Добавить в цитаты Настройки чтения

Страница 16 из 46



Итак, позвольте мне повторить: я заявляю, что, когда стал принимать опиум каждый день, я не мог поступить иначе. Впрочем, в моей ли власти было отказаться от этой привычки? Извиняет ли меня то, что сознавал я всю тщетность своих усилий? Мог ли я быть настойчивей в бесчисленных попытках, на которые я все-таки решался? Не следовало ли мне энергичнее отвоевывать утраченные земли? Вопросы эти, увы, я вынужден отклонить. Возможно, мне следовало бы найти смягчающие мою вину обстоятельства. Но - сказать ли вам всю правду - признаюсь, по безволию моему сделался я настоящим эвдемонистом {8}; я слишком жажду блаженного состояния для себя и для других и едва ли стану с достаточной твердостью переносить страдания, свои и чужие, в настоящем, хотя бы и знал, что буду за то вознагражден впоследствии. В других случаях я могу согласиться с джентльменами, занимающимися хлопком в Манчестере и придерживающимися стоической философии, но только не в этом {Красивая читальня, которой мне, когда проезжал я Манчестер, любезно разрешили пользоваться джентльмены этого города, кажется, называлась "Портиком". Отсюда я, человек приезжий, заключил, что обитатели его вознамерились представиться последователями Зенона {10}. Но впоследствии меня убедили, что я ошибся. (Примеч. автора.)}. Здесь я позволю себе быть философом-эклектиком и пуститься в поиски учтивого и снисходительного братства; оно более других способно сочувствовать немощному состоянию опиофага, и в нем, как Чосер {9} говорит, - "люди славные, готовые отпустить грехи"; они посовестятся, накладывая епитимью и требуя от подобных мне бедных грешников воздержания. При моем нервном состоянии черствый морализатор куда более невыносим, чем сырой опиум. Во всяком случае, любой, кто призовет меня отправить морем большой груз, состоящий из самоотречения и умерщвления плоти, в долгий путь нравственного искупления, должен сперва разъяснить мне, что это путешествие несет надежду. В таком возрасте (тридцати шести лет) трудно предположить у меня избыток сил: я нахожу, что их стало недоставать для тех умственных трудов, в которые я погружен; и пускай не надеются запугать меня грозными речами и побудить меня потратить часть этих сил на столь отчаянные нравственные приключения.
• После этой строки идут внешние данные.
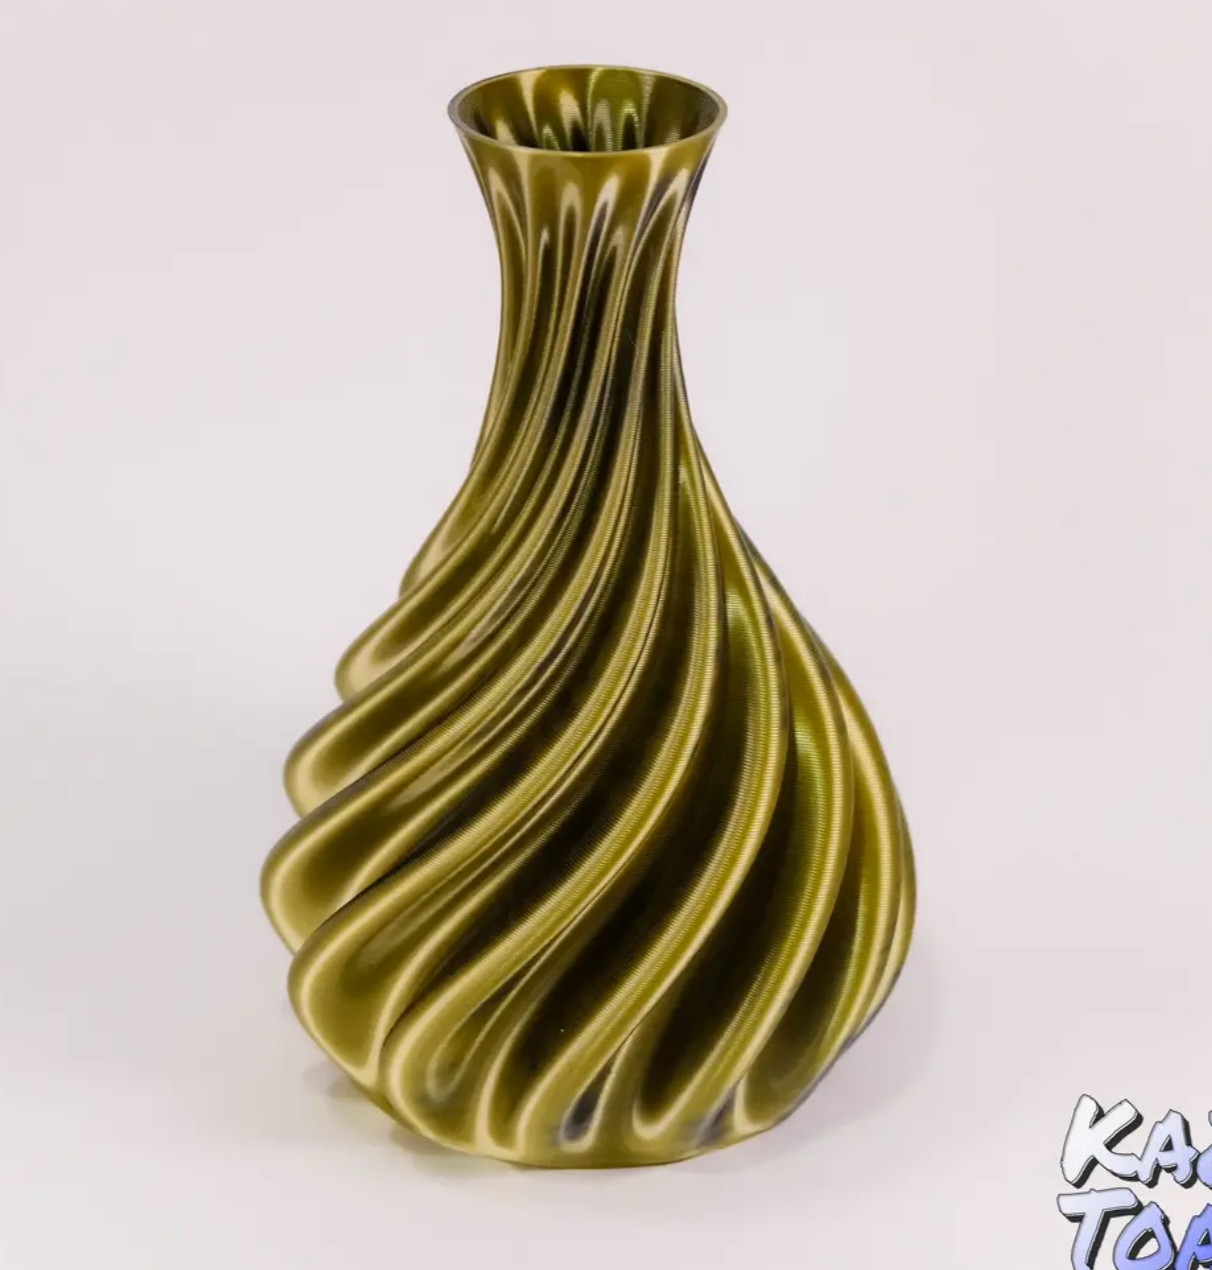 3D-printed Spiral Vase
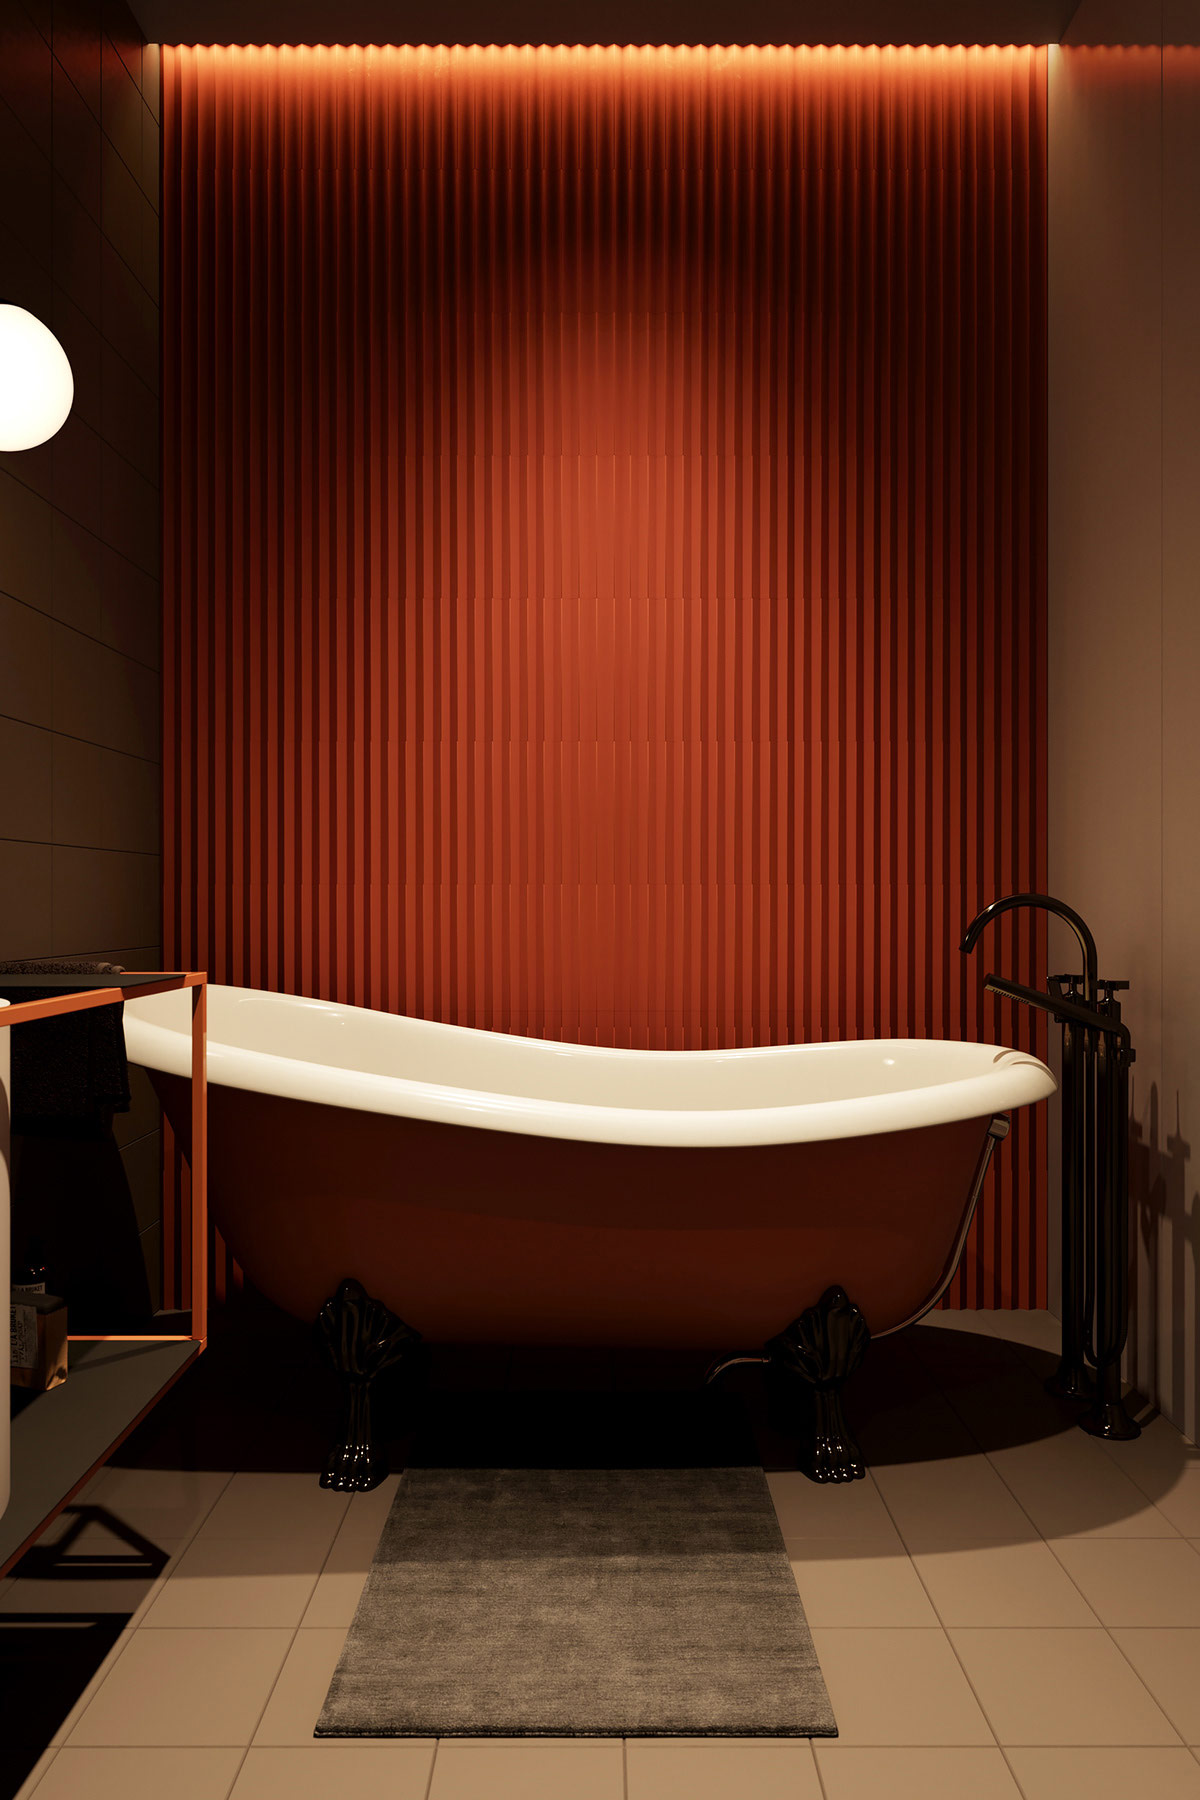 Chiếc bồn tắm nằm màu cam - trắng với phần chân thiết kế bóng bẩy siêu đẹp, kết hợp với thiết kế bức tường tạo cảm giác sang chảnh tuyệt đối cho quý cô độc thân.

Так или иначе, но исход борьбы 1813 года уже известен тебе, читатель, и с этой минуты ты вправе считать меня постоянным и завзятым опиофагом, то есть человеком, спрашивать которого, принимал ли он нынче опиум, так же бессмысленно, как и вопрошать: дышал ли он сегодня и билось ли его сердце? Теперь, читатель, ты знаешь, кто я, и будь уверен - ни один старец "с белоснежною бородою" не сможет отнять у меня того "маленького золотого сосуда с пагубным снадобьем". О нет, я заявляю всем, что ежели какой моралист или медик, даже самый преуспевший в своей области, присоветует мне искать защиты от опиума в Великом посте {11} или Рамадане {12}, то вряд ли стоит ему рассчитывать на мое согласие. Итак, сие решено меж нами, и далее мы помчим, опережая ветер. Давай же, читатель, из 1813 года, где мы так долго прохлаждались, перенесемся, коли тебе охота, в 1816-й. Теперь подними занавес, и ты увидишь меня в новой роли.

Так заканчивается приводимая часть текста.